[Stored items from a collection]
+ + + + +

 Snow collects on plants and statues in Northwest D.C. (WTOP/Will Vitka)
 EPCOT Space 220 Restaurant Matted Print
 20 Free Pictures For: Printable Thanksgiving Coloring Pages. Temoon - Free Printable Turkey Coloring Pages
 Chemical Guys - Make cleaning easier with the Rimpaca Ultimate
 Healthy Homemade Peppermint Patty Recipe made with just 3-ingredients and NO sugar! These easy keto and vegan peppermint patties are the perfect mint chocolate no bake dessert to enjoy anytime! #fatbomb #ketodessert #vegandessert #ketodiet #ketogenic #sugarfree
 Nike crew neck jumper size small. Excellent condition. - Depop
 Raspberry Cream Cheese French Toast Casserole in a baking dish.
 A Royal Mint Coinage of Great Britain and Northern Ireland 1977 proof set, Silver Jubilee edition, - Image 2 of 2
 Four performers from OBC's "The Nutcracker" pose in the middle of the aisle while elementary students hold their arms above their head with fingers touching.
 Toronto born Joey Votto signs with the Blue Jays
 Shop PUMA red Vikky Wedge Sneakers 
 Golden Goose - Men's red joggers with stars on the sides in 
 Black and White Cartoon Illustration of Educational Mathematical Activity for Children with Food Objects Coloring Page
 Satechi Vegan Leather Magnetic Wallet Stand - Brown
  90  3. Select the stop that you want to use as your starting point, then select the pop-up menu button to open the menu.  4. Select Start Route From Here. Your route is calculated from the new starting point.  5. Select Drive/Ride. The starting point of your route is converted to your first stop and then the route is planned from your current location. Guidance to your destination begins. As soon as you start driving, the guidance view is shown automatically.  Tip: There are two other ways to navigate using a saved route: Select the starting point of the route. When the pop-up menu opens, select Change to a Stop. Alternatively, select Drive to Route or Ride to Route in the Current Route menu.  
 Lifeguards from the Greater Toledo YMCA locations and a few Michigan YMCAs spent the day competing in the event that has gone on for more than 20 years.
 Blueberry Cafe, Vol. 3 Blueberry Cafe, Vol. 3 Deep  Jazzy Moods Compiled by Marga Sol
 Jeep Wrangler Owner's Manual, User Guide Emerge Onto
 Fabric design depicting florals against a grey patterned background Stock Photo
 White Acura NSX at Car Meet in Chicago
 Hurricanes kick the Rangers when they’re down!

+ + + + +

Of the lines above, extract only those from the line with "20 Free Pictures" to the line with "Shop PUMA red Vikky Wedge Sneakers", both included, exactly as written.

**Answer to this problem:**
 20 Free Pictures For: Printable Thanksgiving Coloring Pages. Temoon - Free Printable Turkey Coloring Pages
 Chemical Guys - Make cleaning easier with the Rimpaca Ultimate
 Healthy Homemade Peppermint Patty Recipe made with just 3-ingredients and NO sugar! These easy keto and vegan peppermint patties are the perfect mint chocolate no bake dessert to enjoy anytime! #fatbomb #ketodessert #vegandessert #ketodiet #ketogenic #sugarfree
 Nike crew neck jumper size small. Excellent condition. - Depop
 Raspberry Cream Cheese French Toast Casserole in a baking dish.
 A Royal Mint Coinage of Great Britain and Northern Ireland 1977 proof set, Silver Jubilee edition, - Image 2 of 2
 Four performers from OBC's "The Nutcracker" pose in the middle of the aisle while elementary students hold their arms above their head with fingers touching.
 Toronto born Joey Votto signs with the Blue Jays
 Shop PUMA red Vikky Wedge Sneakers 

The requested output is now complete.